■ Task prompt ■
Across the data, every line with the word "Apple" counts once; state the total alone.

■ Provided data ■

++++++++++++++++++++

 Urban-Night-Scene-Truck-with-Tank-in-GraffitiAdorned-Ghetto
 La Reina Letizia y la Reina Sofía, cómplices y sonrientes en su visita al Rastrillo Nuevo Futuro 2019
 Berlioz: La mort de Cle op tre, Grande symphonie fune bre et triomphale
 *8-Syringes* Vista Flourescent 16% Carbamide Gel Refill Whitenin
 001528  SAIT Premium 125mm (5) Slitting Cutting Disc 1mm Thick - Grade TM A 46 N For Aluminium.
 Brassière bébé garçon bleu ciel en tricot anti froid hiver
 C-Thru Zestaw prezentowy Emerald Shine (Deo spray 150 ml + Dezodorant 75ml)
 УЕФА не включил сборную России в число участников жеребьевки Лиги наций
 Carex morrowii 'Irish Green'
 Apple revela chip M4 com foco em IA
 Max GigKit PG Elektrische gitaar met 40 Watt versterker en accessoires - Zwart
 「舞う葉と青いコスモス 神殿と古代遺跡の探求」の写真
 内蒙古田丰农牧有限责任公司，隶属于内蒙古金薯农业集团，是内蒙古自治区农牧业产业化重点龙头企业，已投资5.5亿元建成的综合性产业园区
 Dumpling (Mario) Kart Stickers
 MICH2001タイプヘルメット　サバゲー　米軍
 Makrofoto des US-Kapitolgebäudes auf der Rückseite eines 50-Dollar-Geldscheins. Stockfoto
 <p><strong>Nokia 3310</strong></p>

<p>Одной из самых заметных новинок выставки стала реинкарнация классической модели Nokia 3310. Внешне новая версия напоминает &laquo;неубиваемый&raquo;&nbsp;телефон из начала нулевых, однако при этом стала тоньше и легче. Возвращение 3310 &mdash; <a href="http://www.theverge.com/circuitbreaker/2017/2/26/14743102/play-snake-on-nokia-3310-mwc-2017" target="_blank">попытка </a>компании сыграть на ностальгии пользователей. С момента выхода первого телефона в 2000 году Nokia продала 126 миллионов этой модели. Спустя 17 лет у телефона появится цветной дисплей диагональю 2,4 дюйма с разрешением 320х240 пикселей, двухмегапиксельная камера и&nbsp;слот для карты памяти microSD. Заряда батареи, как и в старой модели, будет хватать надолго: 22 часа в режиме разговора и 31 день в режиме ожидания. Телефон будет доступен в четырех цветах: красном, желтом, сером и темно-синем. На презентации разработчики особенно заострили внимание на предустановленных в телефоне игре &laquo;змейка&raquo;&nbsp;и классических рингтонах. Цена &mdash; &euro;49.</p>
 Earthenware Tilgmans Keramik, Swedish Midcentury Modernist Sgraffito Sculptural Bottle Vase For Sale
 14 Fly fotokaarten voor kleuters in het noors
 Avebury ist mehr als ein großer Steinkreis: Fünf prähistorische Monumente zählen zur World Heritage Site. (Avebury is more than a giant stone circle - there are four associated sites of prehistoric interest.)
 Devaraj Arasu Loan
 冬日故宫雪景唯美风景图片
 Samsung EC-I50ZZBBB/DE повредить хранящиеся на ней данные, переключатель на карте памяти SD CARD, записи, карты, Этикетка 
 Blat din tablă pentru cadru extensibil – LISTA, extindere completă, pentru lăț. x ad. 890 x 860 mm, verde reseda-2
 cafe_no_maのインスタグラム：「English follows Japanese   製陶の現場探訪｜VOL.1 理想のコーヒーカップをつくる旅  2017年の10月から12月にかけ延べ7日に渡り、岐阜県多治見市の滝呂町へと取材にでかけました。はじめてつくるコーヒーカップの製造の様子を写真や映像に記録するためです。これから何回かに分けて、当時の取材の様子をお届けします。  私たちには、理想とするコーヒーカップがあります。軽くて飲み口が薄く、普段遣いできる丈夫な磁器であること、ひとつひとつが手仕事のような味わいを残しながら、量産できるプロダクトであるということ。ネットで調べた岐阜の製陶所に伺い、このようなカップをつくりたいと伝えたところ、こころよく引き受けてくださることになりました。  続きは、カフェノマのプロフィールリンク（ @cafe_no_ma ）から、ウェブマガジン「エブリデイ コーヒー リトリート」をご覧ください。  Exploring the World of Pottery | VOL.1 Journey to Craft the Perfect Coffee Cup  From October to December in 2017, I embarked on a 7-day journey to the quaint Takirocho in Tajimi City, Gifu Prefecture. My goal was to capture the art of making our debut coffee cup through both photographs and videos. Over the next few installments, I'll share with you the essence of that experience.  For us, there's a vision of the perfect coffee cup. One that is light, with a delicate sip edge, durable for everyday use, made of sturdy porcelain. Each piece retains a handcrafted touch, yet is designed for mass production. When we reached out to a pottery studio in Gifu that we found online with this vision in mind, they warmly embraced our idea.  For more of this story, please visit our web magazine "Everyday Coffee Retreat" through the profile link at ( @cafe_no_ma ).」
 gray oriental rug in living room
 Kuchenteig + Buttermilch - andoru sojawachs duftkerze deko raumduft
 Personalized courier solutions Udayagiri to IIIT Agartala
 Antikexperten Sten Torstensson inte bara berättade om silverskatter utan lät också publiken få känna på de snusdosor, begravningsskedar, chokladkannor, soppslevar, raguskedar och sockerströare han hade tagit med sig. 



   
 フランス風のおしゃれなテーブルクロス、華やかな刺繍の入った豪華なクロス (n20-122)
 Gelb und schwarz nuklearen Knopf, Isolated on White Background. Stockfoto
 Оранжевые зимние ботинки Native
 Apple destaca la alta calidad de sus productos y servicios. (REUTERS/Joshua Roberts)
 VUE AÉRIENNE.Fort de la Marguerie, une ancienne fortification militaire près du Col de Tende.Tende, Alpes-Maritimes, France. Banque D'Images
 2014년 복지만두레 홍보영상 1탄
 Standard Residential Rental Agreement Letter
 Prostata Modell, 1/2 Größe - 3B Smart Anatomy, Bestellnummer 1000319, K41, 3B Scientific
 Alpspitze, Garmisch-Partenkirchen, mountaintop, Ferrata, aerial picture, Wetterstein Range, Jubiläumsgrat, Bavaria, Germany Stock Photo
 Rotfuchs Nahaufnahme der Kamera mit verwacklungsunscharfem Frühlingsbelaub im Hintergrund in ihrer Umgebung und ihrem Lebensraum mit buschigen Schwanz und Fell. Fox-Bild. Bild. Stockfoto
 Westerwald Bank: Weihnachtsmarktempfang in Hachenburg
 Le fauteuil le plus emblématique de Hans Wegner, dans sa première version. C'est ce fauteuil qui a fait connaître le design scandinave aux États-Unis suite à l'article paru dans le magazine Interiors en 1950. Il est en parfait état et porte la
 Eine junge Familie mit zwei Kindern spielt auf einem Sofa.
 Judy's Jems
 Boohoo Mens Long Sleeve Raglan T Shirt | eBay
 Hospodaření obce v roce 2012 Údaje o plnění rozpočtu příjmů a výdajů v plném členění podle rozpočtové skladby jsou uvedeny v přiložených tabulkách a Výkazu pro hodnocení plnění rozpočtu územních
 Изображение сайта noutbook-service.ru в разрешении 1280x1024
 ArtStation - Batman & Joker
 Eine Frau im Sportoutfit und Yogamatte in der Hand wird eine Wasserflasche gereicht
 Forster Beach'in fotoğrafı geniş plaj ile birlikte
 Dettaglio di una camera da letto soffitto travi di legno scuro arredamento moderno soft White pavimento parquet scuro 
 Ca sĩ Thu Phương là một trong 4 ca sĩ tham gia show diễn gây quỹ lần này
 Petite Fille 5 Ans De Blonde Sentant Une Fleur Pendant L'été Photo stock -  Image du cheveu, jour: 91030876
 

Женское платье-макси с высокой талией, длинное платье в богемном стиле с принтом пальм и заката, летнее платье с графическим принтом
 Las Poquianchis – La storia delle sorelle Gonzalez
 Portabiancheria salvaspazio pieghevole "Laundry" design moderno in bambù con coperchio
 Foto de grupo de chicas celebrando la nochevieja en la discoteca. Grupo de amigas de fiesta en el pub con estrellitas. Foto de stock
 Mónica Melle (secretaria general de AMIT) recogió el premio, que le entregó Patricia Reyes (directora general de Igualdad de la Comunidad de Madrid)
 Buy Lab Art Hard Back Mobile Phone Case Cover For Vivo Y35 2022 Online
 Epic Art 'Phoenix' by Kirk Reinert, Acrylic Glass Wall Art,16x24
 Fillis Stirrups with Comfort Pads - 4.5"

++++++++++++++++++++

■ Answer to the exercise ■
2